I guess the question is - if the smith machine allowed your legs to improve and you to position yourself so you don't have knee pain (which WILL eventually catch up to you), would you hate it so much?...
There are a lot of alternative to back squatting - it's really a great exercise for many folks but in another sense (and this both good and bad) kind of primitive (in a good and bad way), when we have so many other implements to target the legs.

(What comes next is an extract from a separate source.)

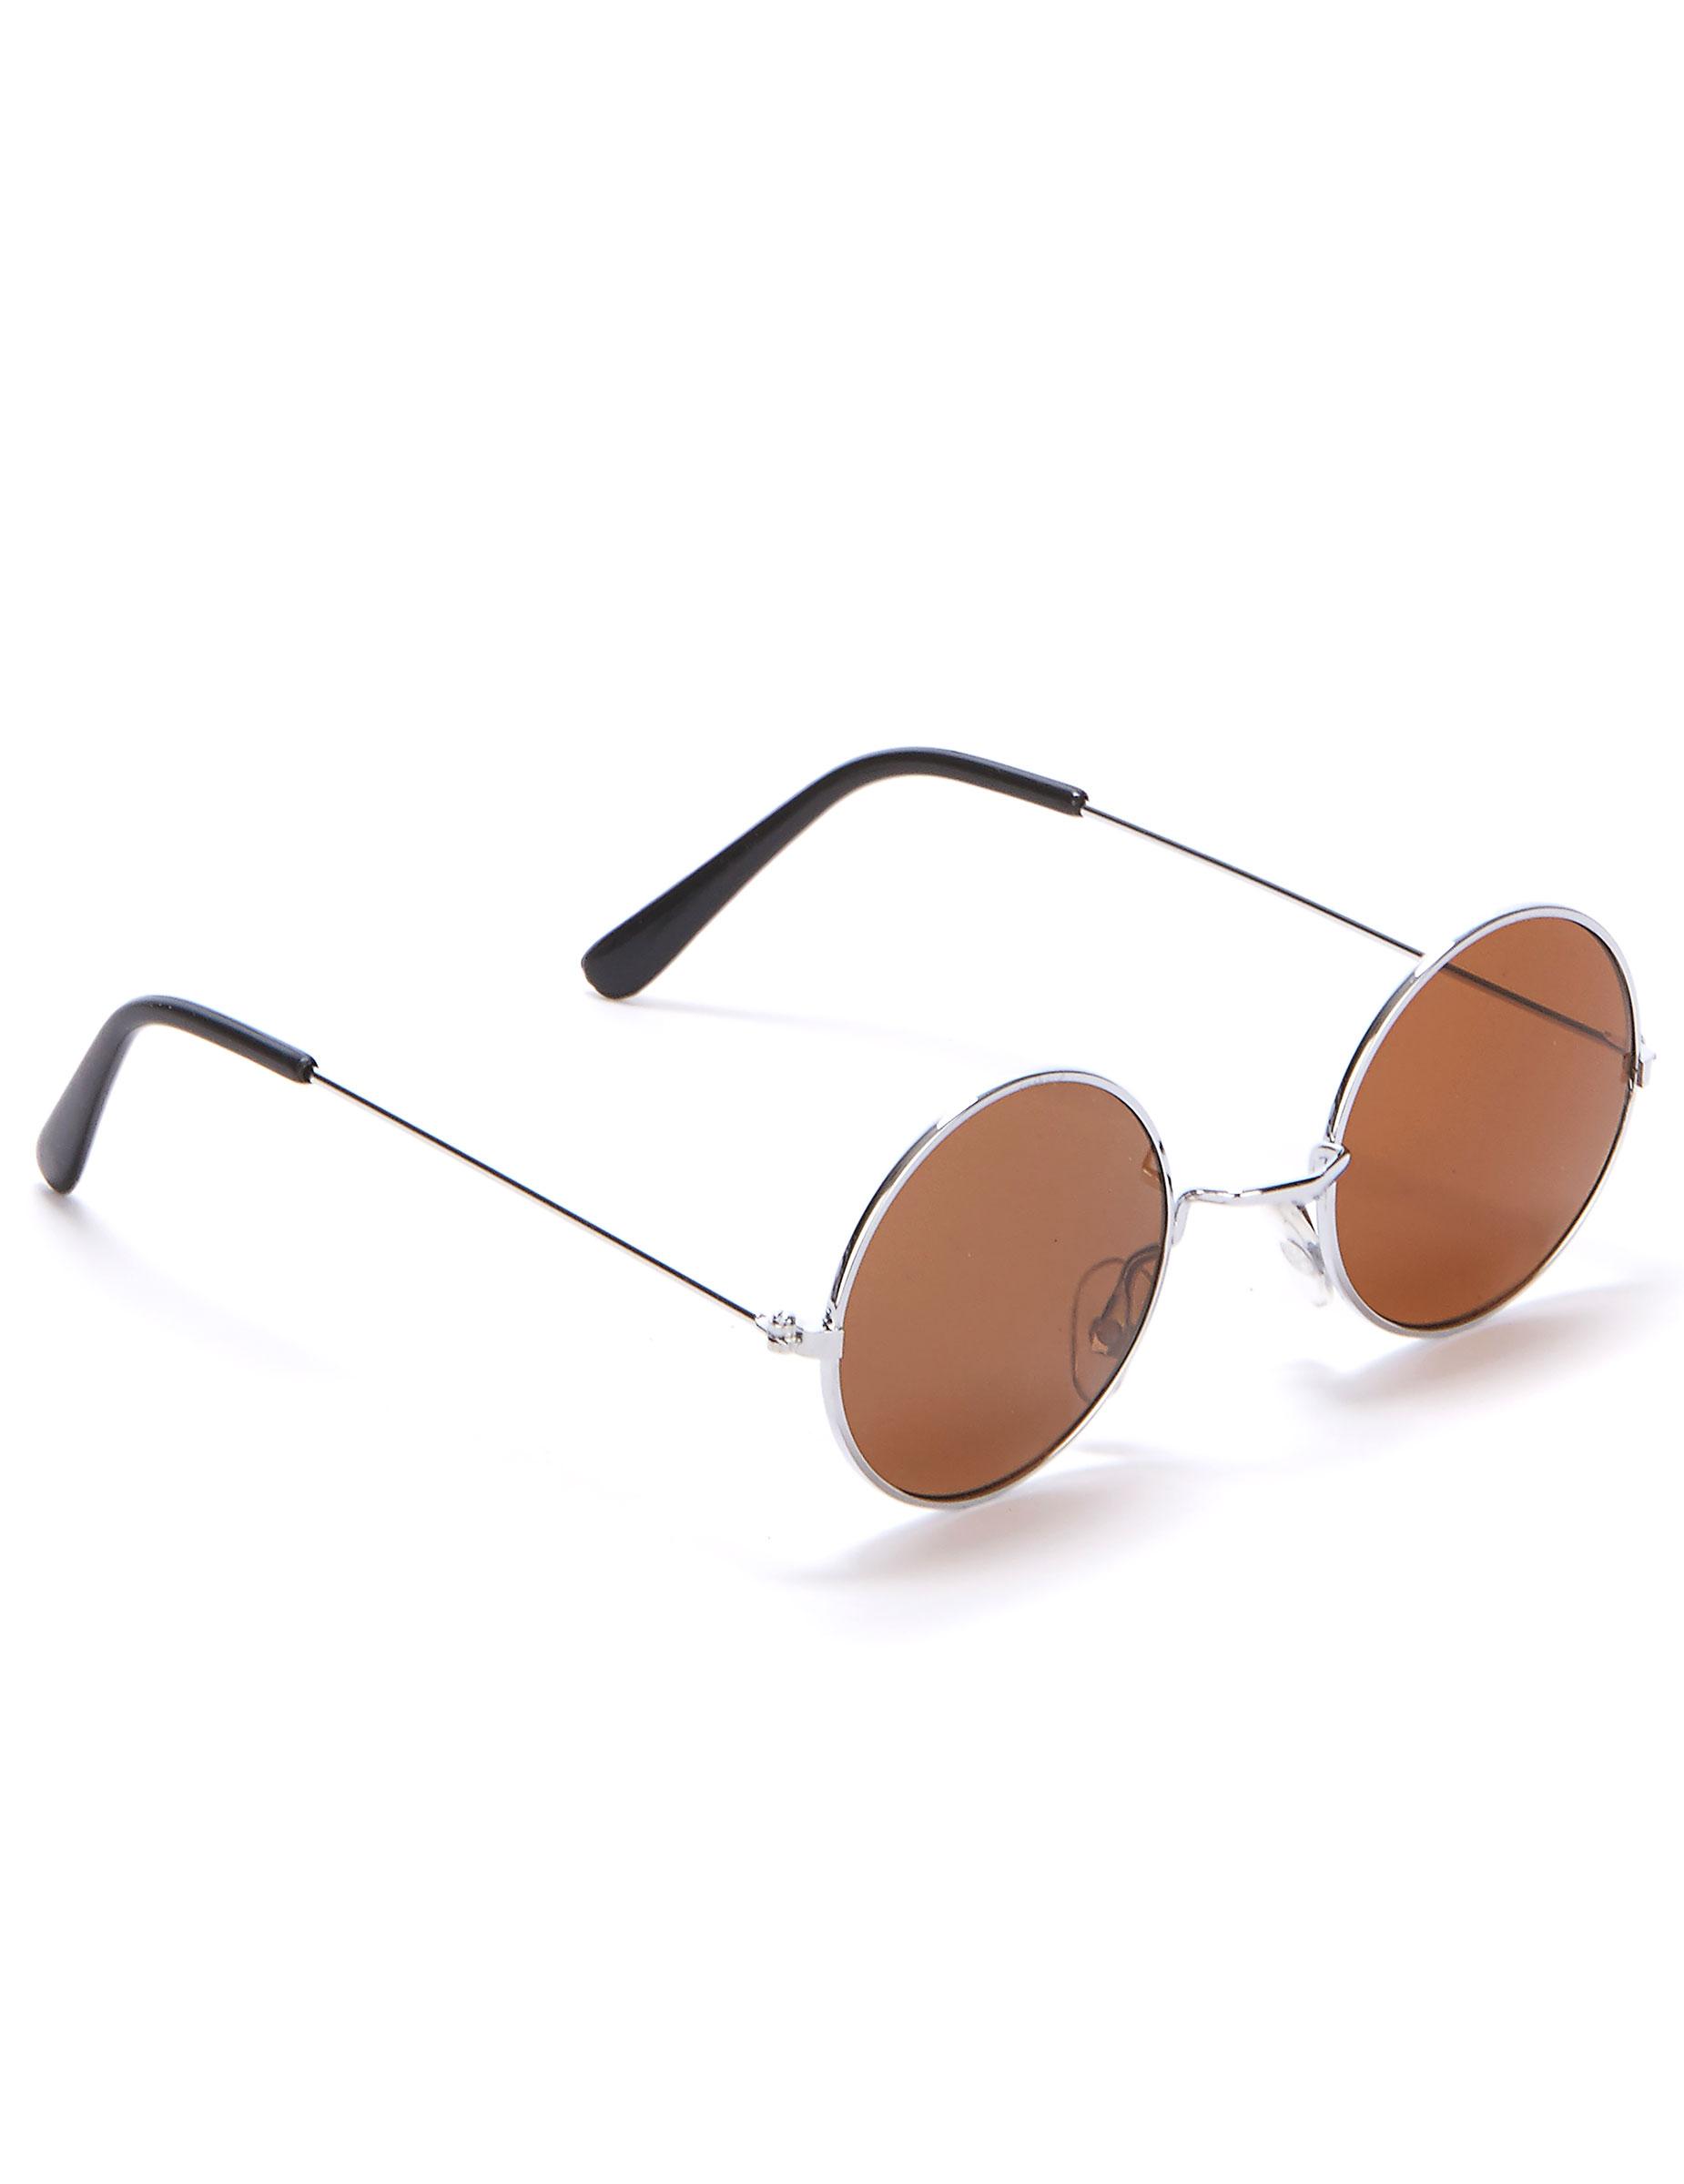 Lunettes rondes de hippie adulte achat de accessoires sur for Cuisinier lunettes rondes

If you were training to build your biceps and found that a preacher curl caused you to have tendonitis - and this happens for YEARS on end - would you just keep banging away at it or maybe try something else?... In other words, why are you so enamored with the BB back squat?... (That's mainly a rhetorical question... )
-S
I am actually slowly filtering out all these exercises that either don't work for me or cause pain when gets heavy.
The problem in many cases is an exercise/machine feels great at 1st but then as you progress on with it over time it maybe doesn't feel as good or starts causing tendon flair ups. By the time your feeling this it's usually too late and your stuck with a nagging injury for a while.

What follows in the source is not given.